#### TASK DETAILS
Where the line containing "Ssc-464 High Speed" appears below, start there and repeat each line exactly to the end. Leave the pictures out.

#### DATA EXTRACT

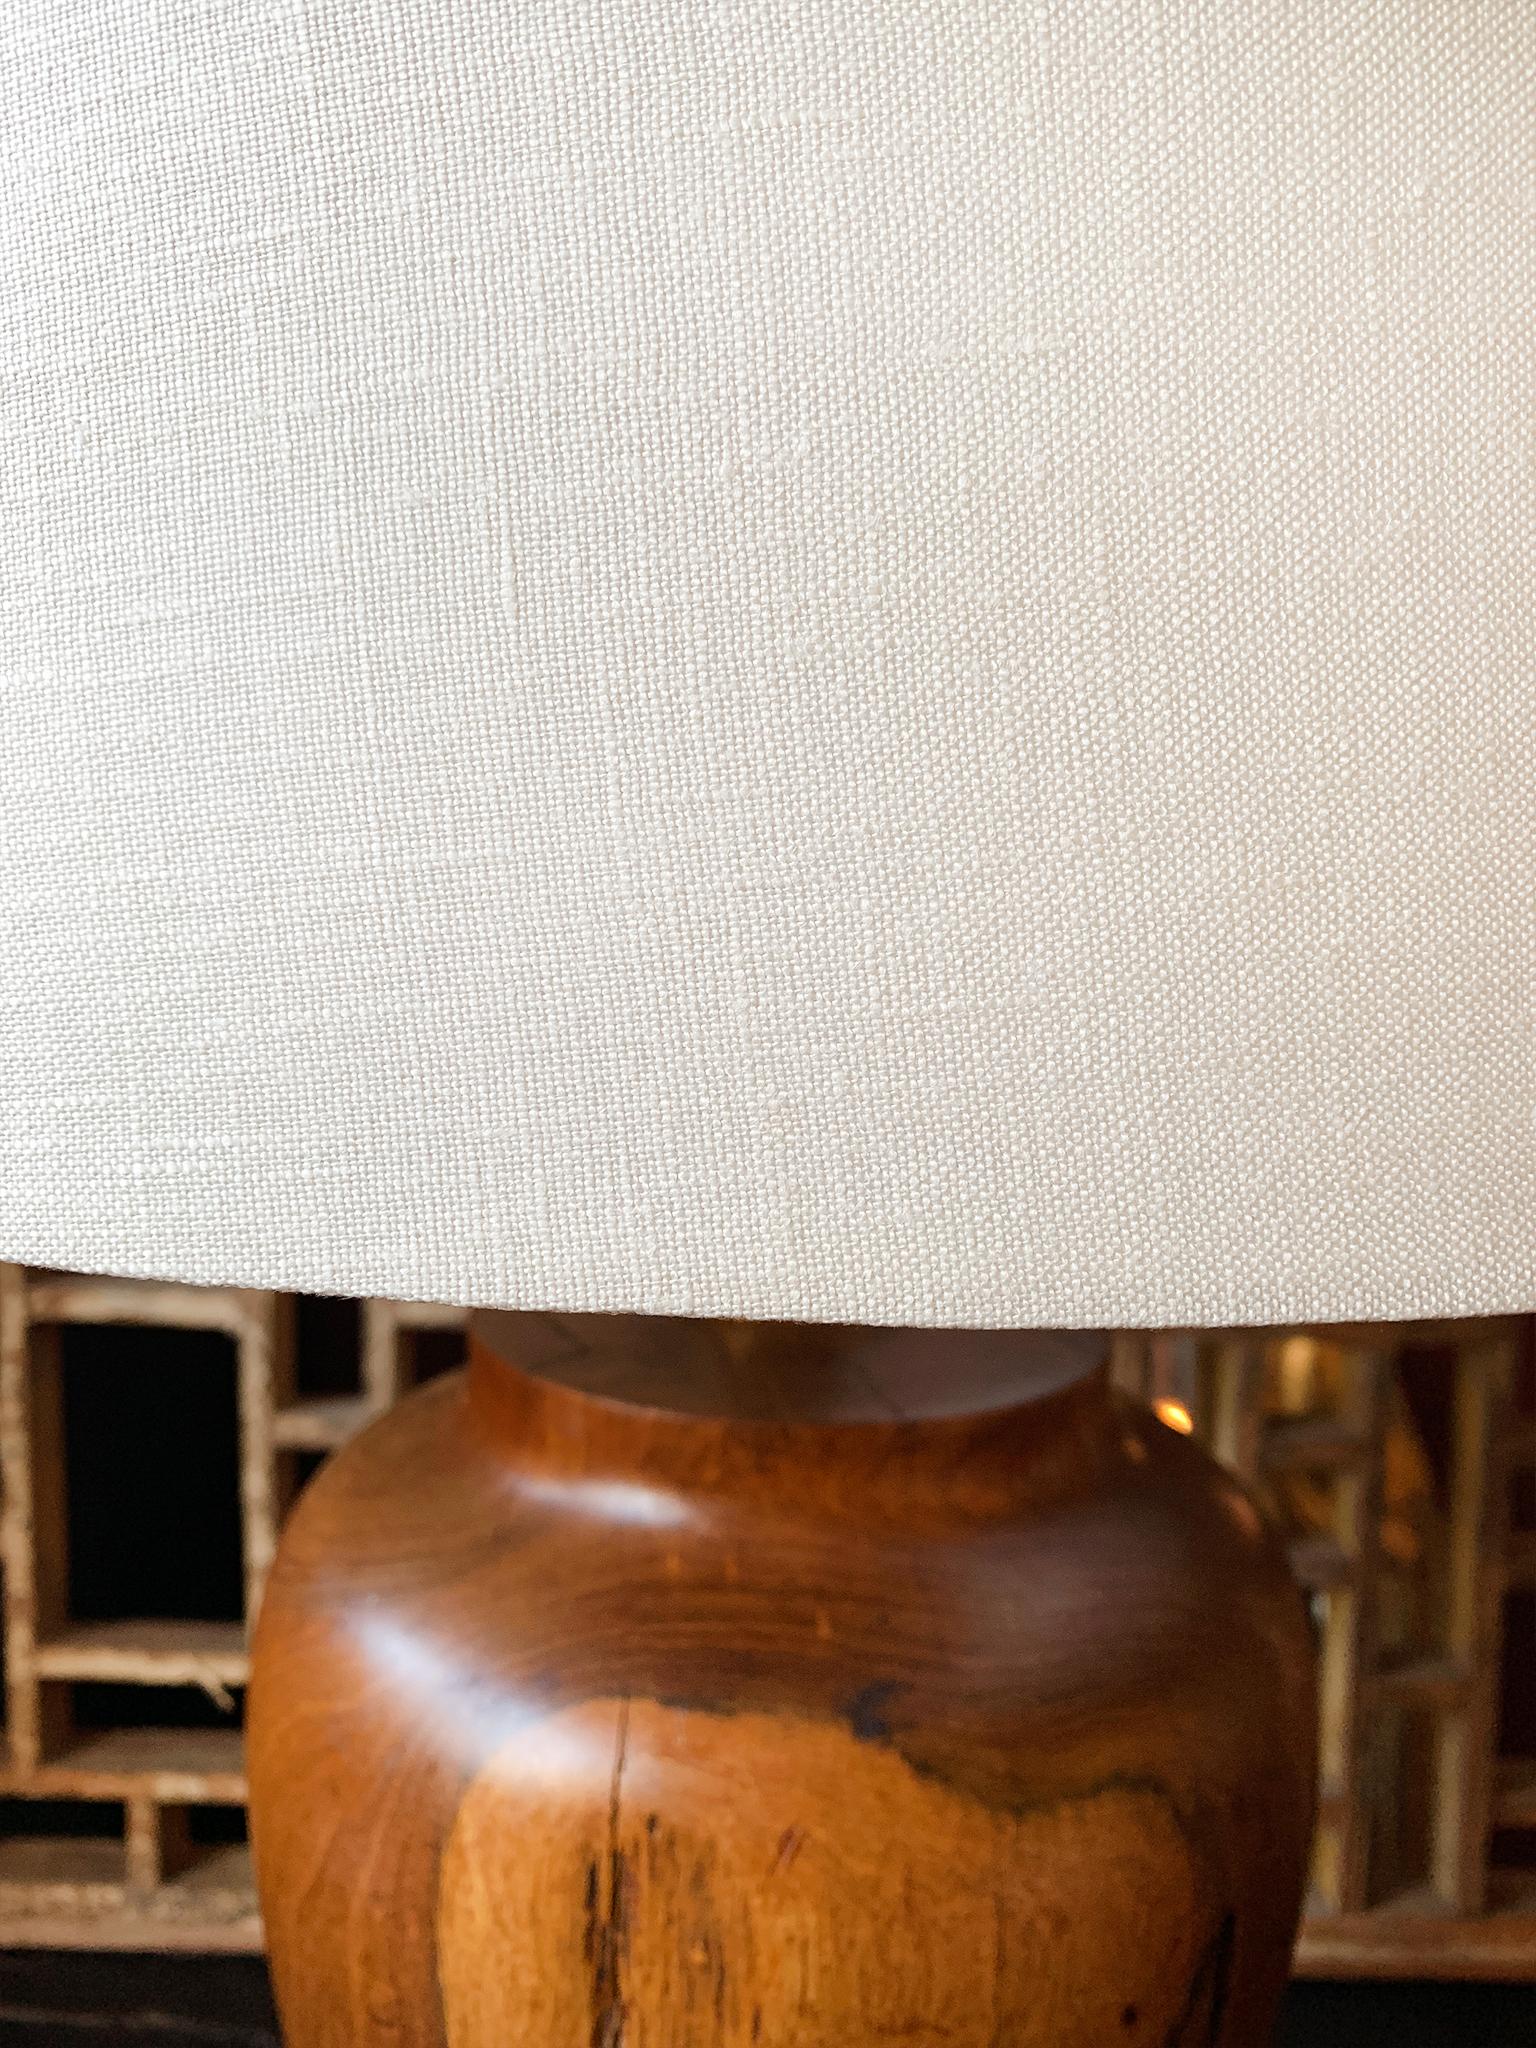 Mid-20th Century 1940s American Hardwood Turned Table Lamp
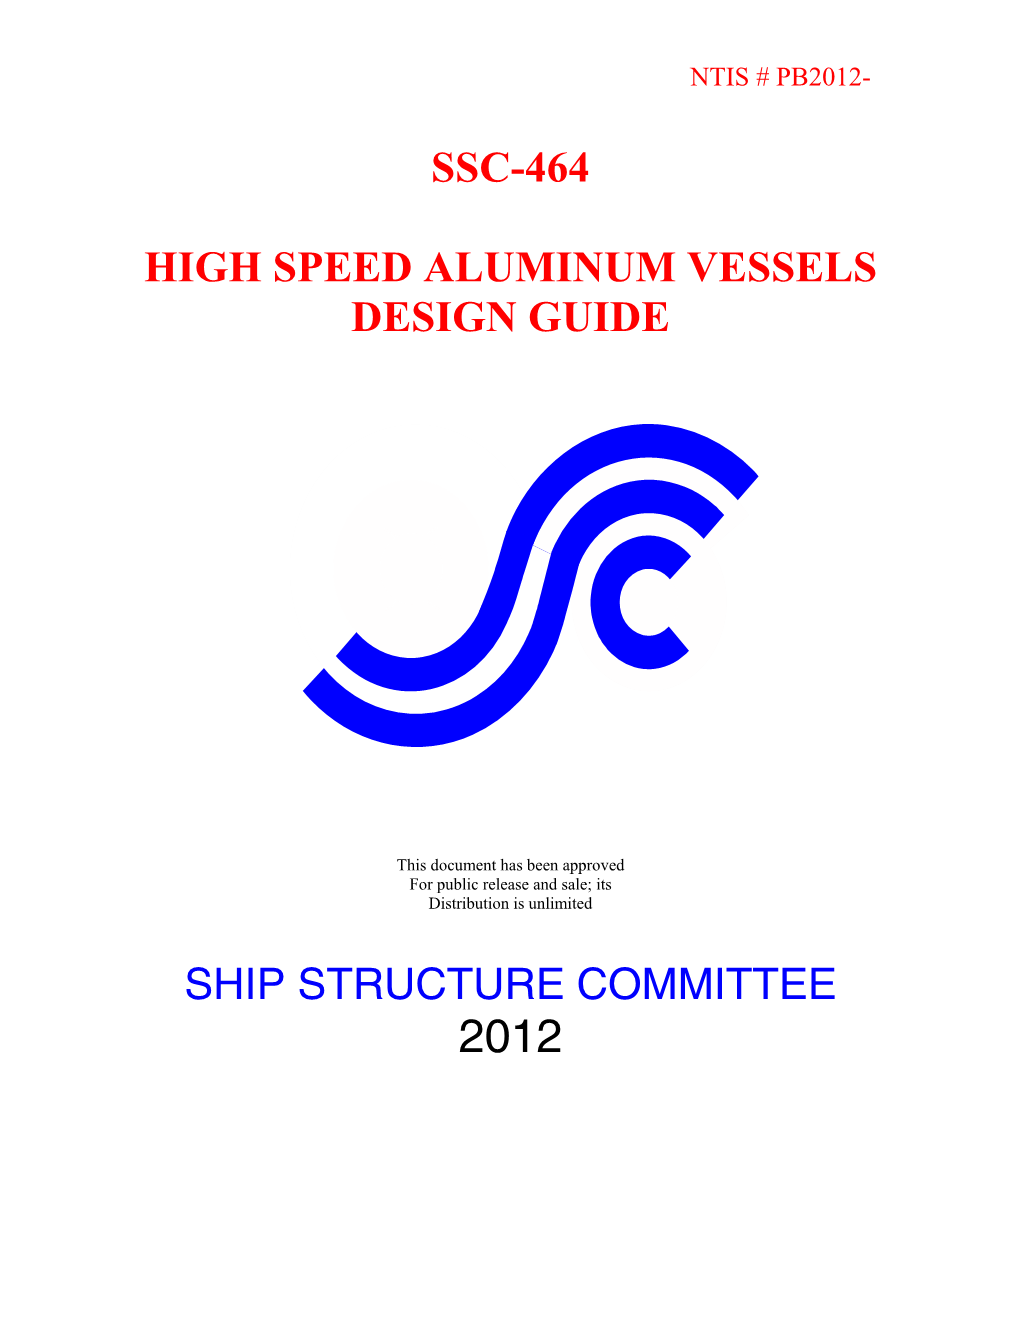 Ssc-464 High Speed Aluminum Vessels Design Guide Ship
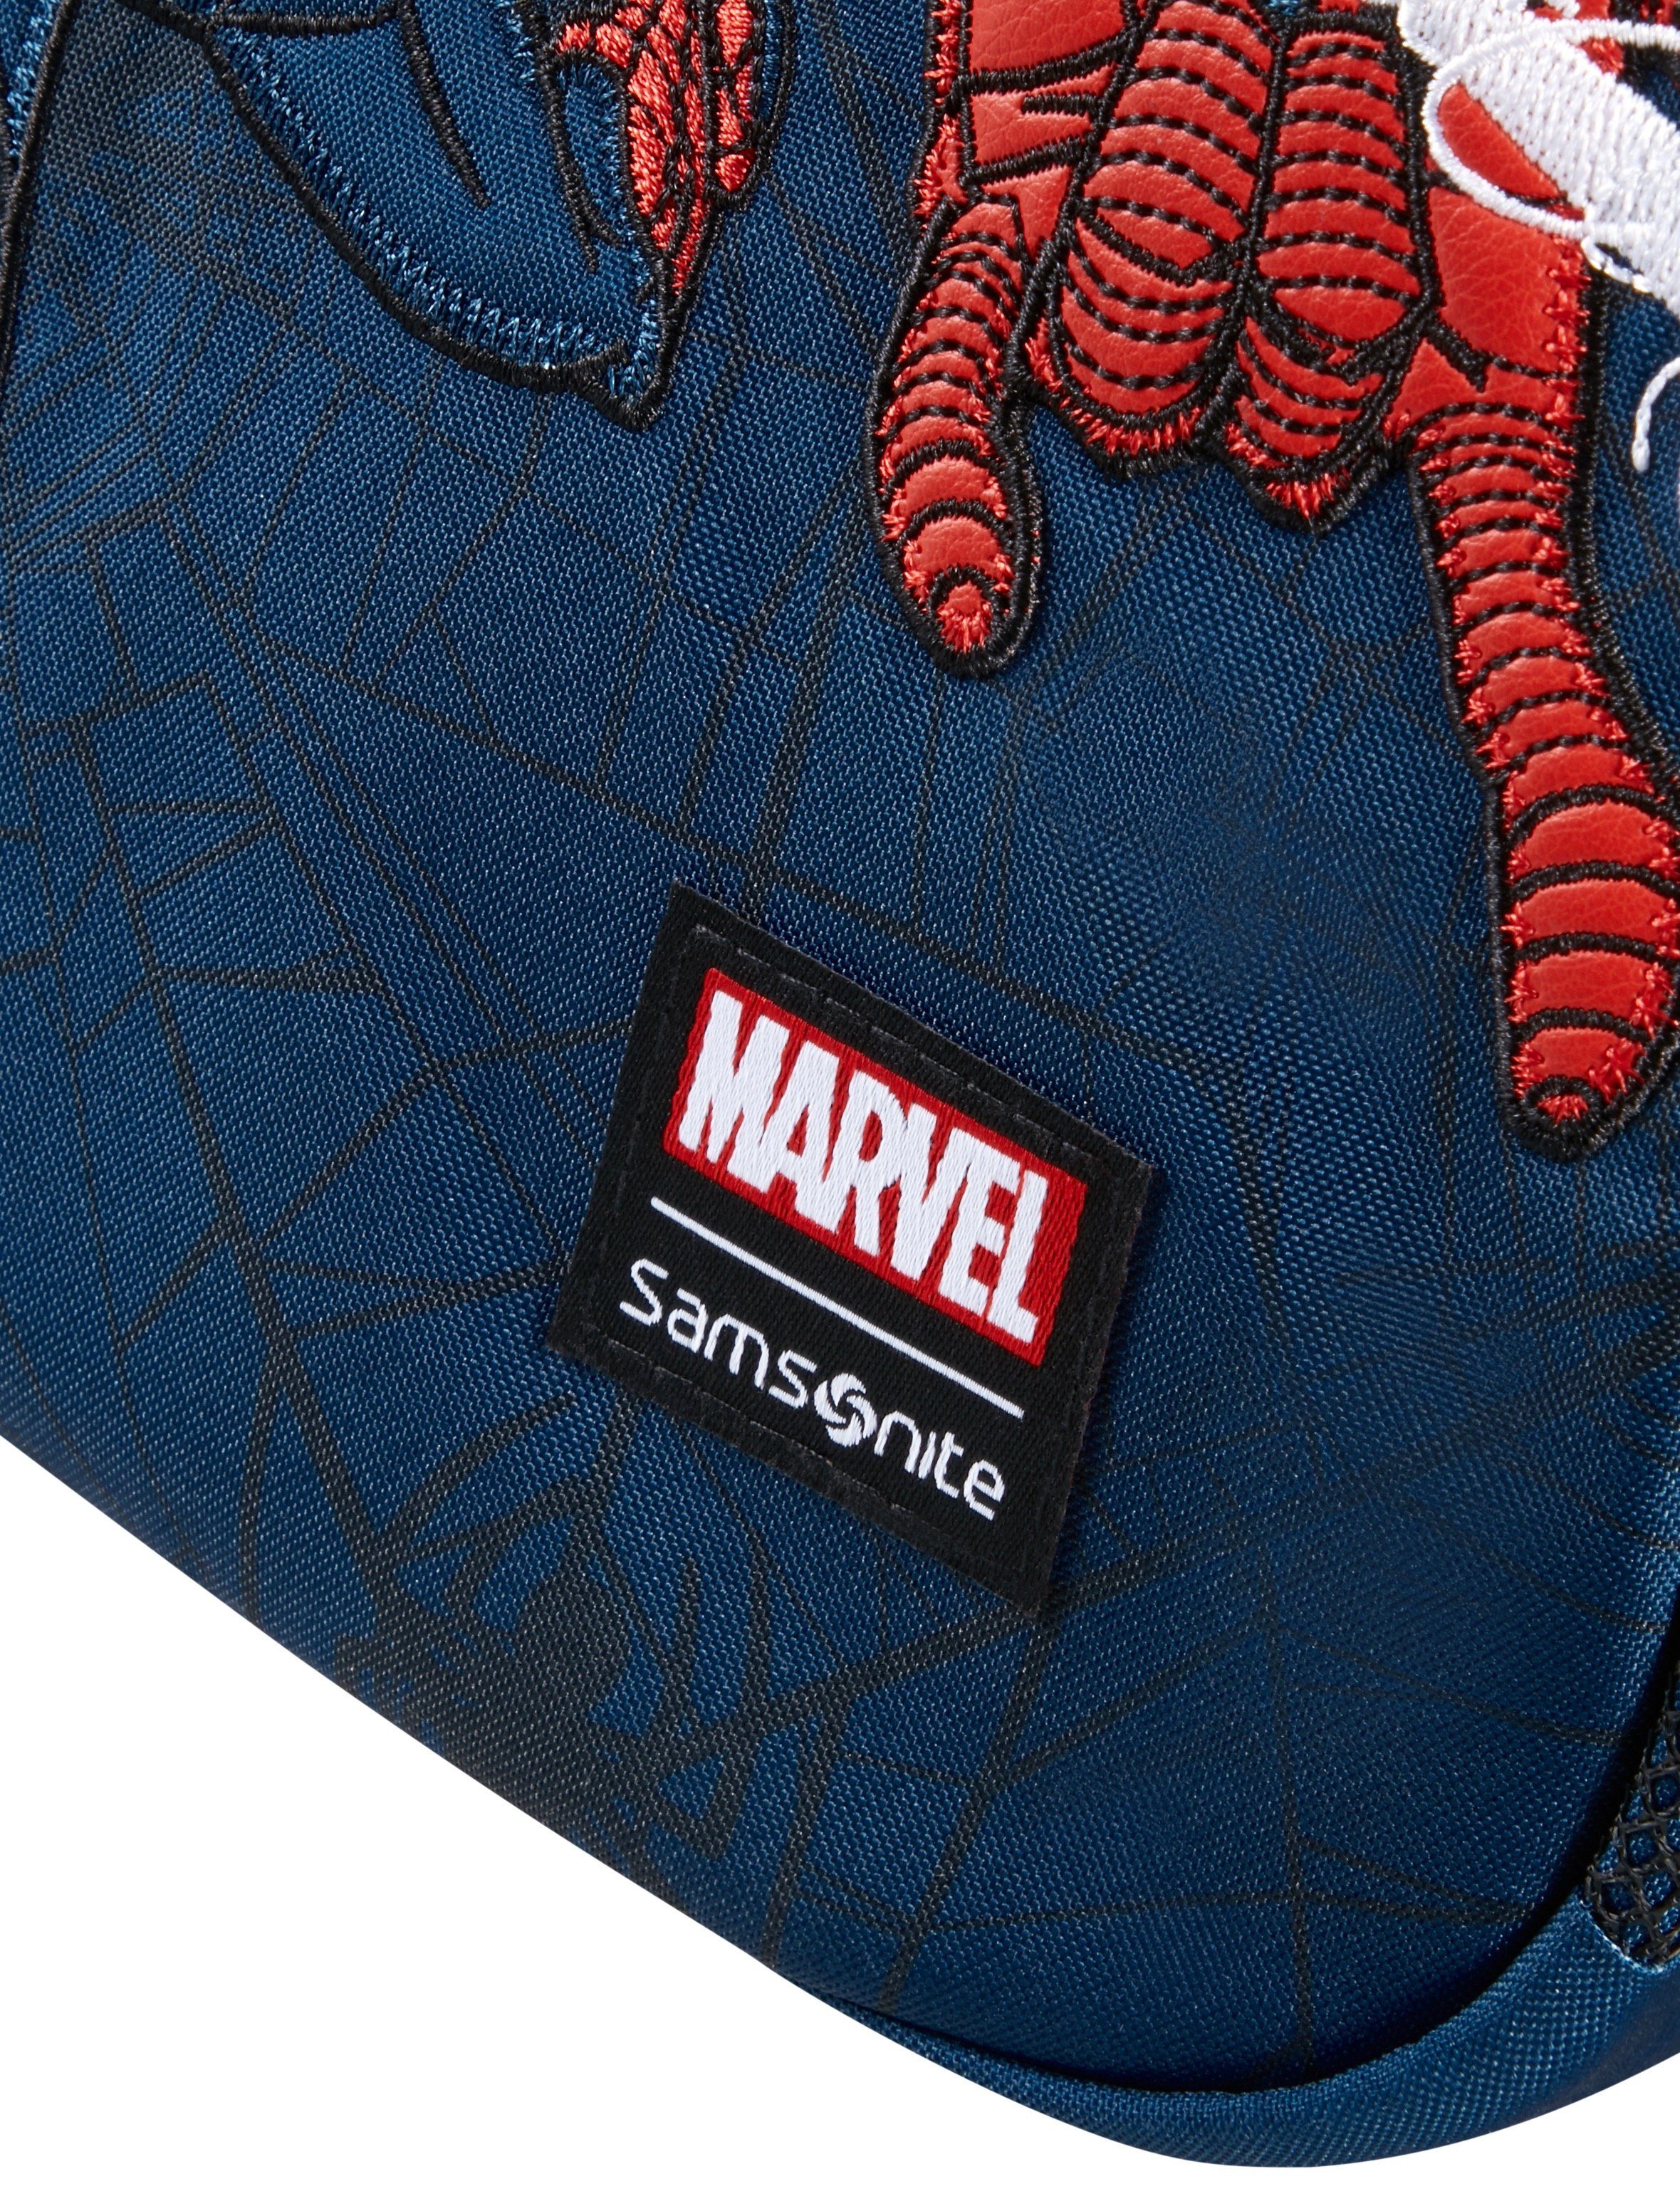 Kinderrucksack Marvel Disney aus Disney 2.0 Samsonite S+, Ultimate recyceltem Material

#### RESPONSE AREA
 Ssc-464 High Speed Aluminum Vessels Design Guide Ship
 Kinderrucksack Marvel Disney aus Disney 2.0 Samsonite S+, Ultimate recyceltem Material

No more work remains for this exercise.